Unterhaltung

Goldene Himbeeren verliehen "Cats" räumt Schmähpreise ab

imago97847440h.jpg

Der Anblick von Judi Dench als Katze verzückte die Kinokritiker nicht.

(Foto: imago images/Everett Collection)

Es gibt kaum einen anderen Film, bei dem sich Publikum, Kino-Kritiker und auch Darsteller so einig waren: "Cats" ist ein Flop auf ganzer Linie. Gerade deswegen wird die Musicalverfilmung nun mit Schmähpreisen überhäuft.

Für viele dürfte diese Nachricht nicht überraschend sein: "Cats" ist nun ganz offiziell der schlechteste Film des Jahres 2019. Die Musicalverfilmung räumte insgesamt sechs "Auszeichnungen" bei der diesjährigen Verleihung der Goldenen Himbeere ab. Insgesamt war der Streifen neunmal nominiert.

Die geplante Bekanntgabe der Hollywood-Schmähpreise vor einem Publikum war am Wochenende wegen der Coronavirus-Krise abgesagt worden. Doch in einer Videobotschaft gaben die Juroren bekannt, wer bei den "Razzies" (englisches Kurzwort für Himbeeren, Raspberries) abgesahnt hat. Der große "Gewinner" des Abends war die besagte Kinoverfilmung von Andrew Lloyd Webbers Musical-Klassiker unter der Regie von Tom Hooper. "Cats" holte unter anderem die Schmähpreise für schlechtester Film, Regie und Nebendarsteller Rebel Wilson und James Corden.

Travolta wird "schlechtester Schauspieler"

Für seine Leistung in "Trading Paint" wurde John Travolta mit dem Preis als "Schlechtester Schauspieler" bedacht, nominiert war er zuvor schon mehrmals (etwa 2019 als "schlechtester Schauspieler" und als "schlechtestes Leinwandpaar", zusammen mit seiner Frau Kelly Preston, für ihre Rollen in "Gotti").
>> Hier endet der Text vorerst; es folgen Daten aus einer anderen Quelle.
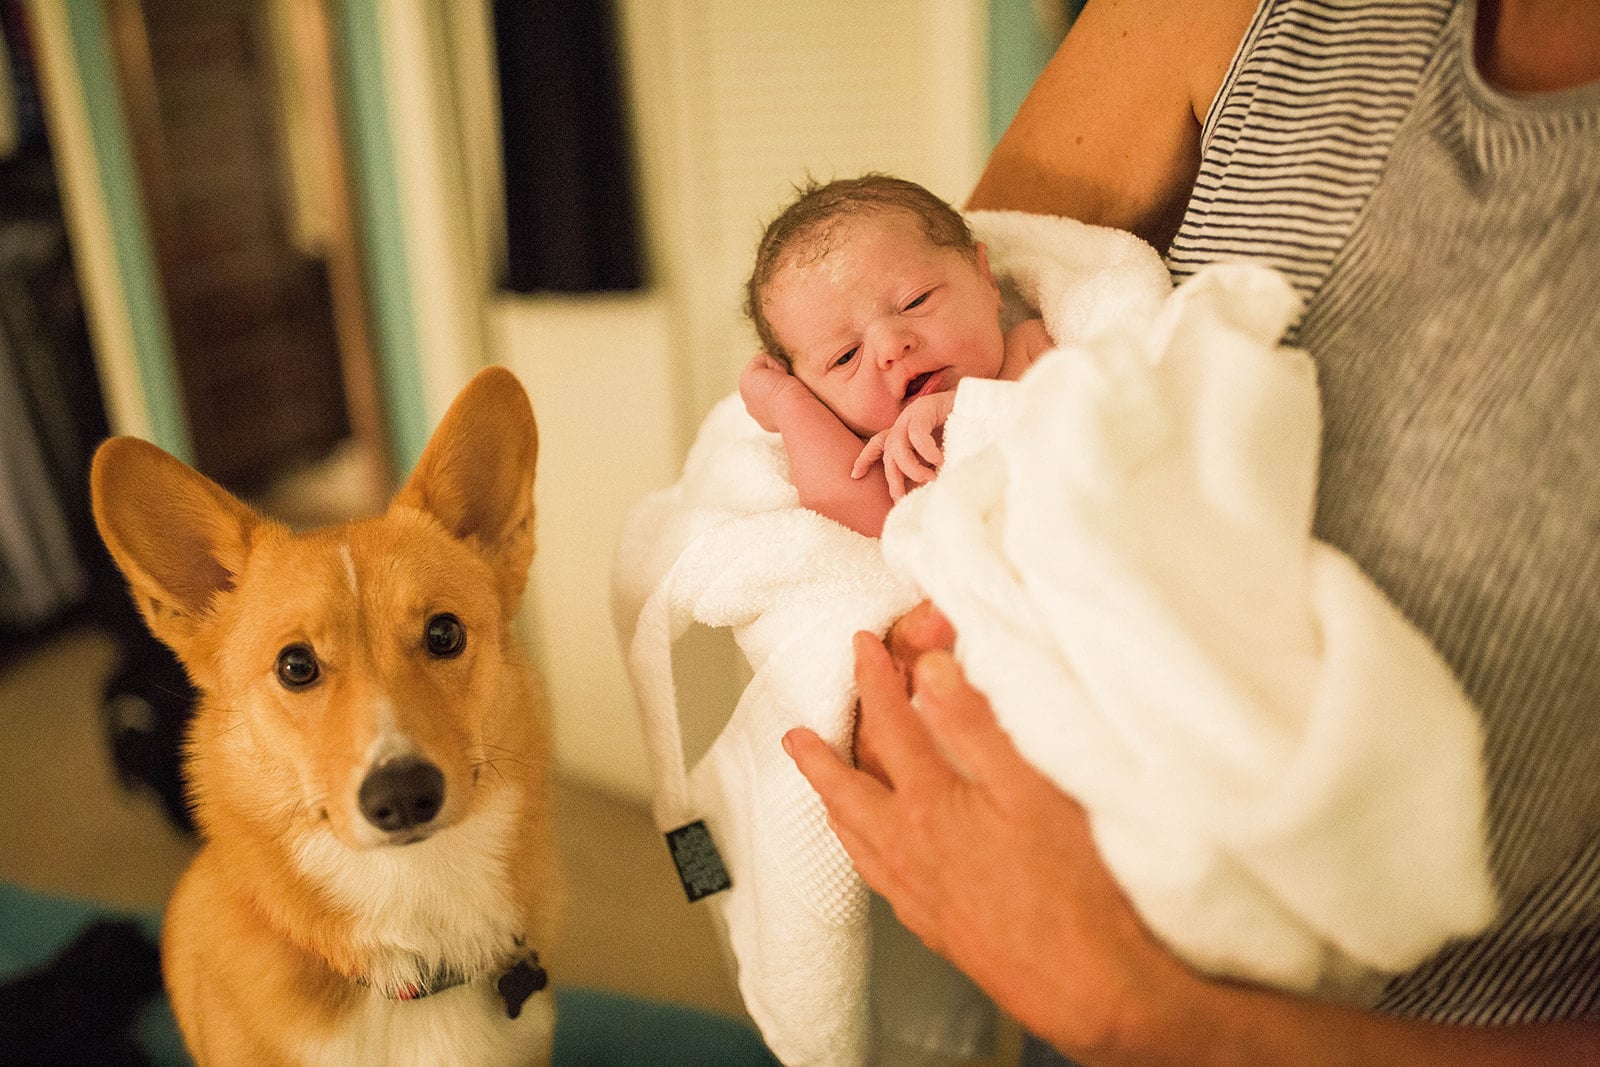 Dog Stays By Mom's Side While She Gives Birth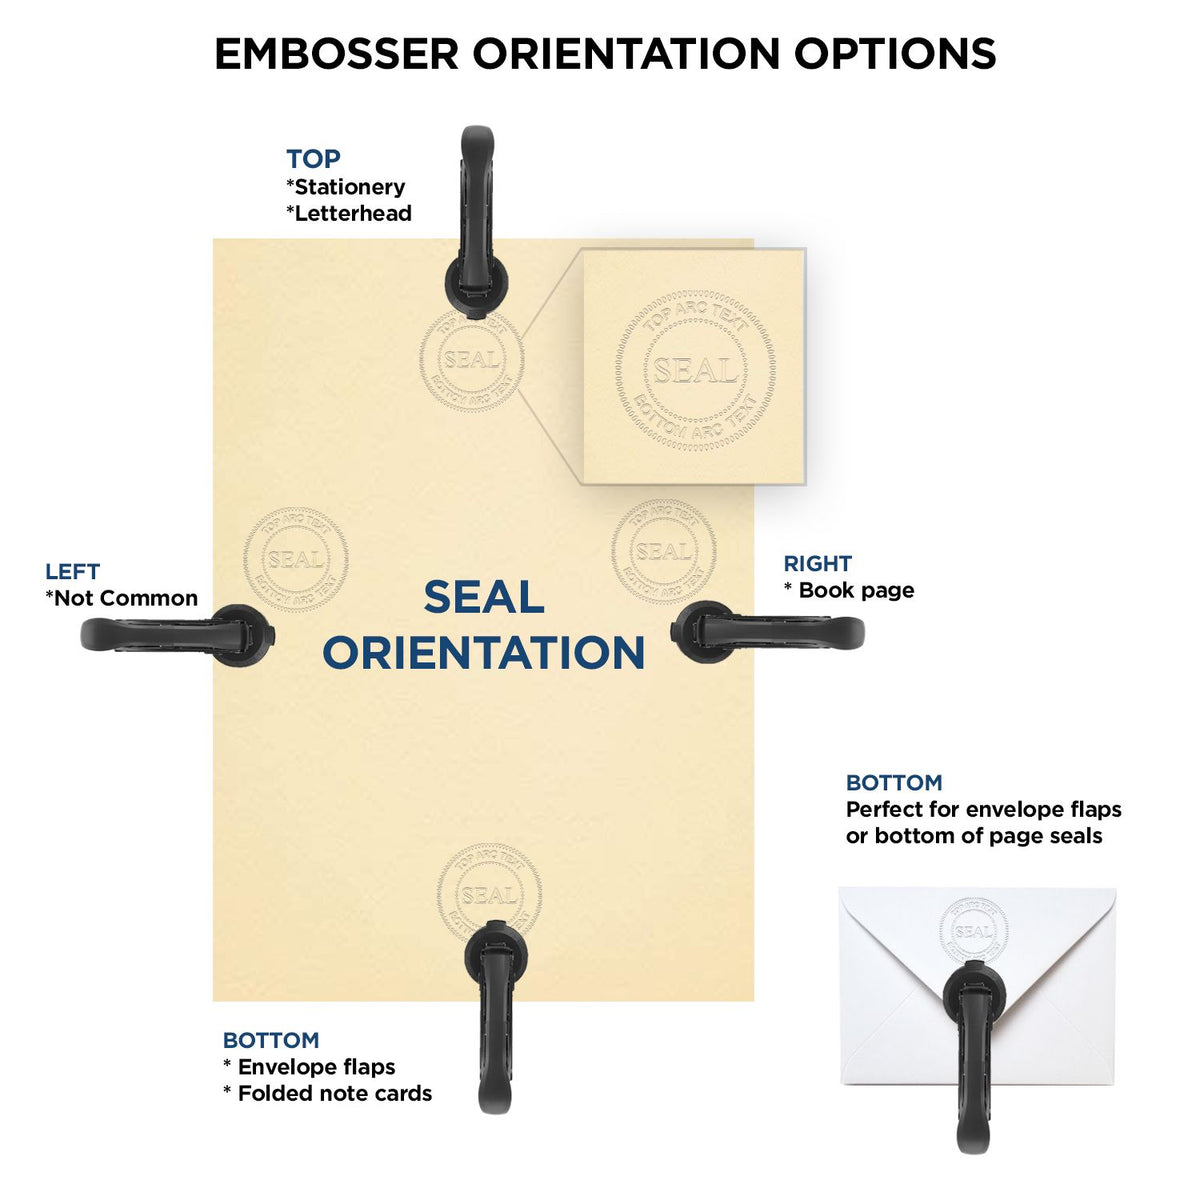 An infographic for the Soft Pocket Louisiana Landscape Architect Embosser showing embosser orientation, this is showing examples of a top, bottom, right and left insert.

Die "Schlechteste Schauspielerin" ist laut Jury Hilary Duff für ihren Einsatz in "The Haunting of Sharon Tate". Der brutale Action-Streifen "Rambo: Last Blood" holte zwei Preise, als schlechteste Fortsetzung und in der neuen Filmsparte "rücksichtslose Missachtung von Menschenleben und Gemeingut".

Die "Razzies" wurden 1980 von dem Cineasten John Wilson als Gegenstück zur glanzvollen Oscar-Verleihung ins Leben gerufen. Nach Angaben der Gruppe stimmen mehr als 1100 Mitglieder aus den USA und zwei Dutzend weiteren Ländern ab. Die Nominierten bleiben der Witz-Show normalerweise fern. Eine Ausnahme machten "Catwoman" Halle Berry (2005) und Sandra Bullock, die 2010 den Spottpreis für "Verrückt nach Steve" persönlich abholte.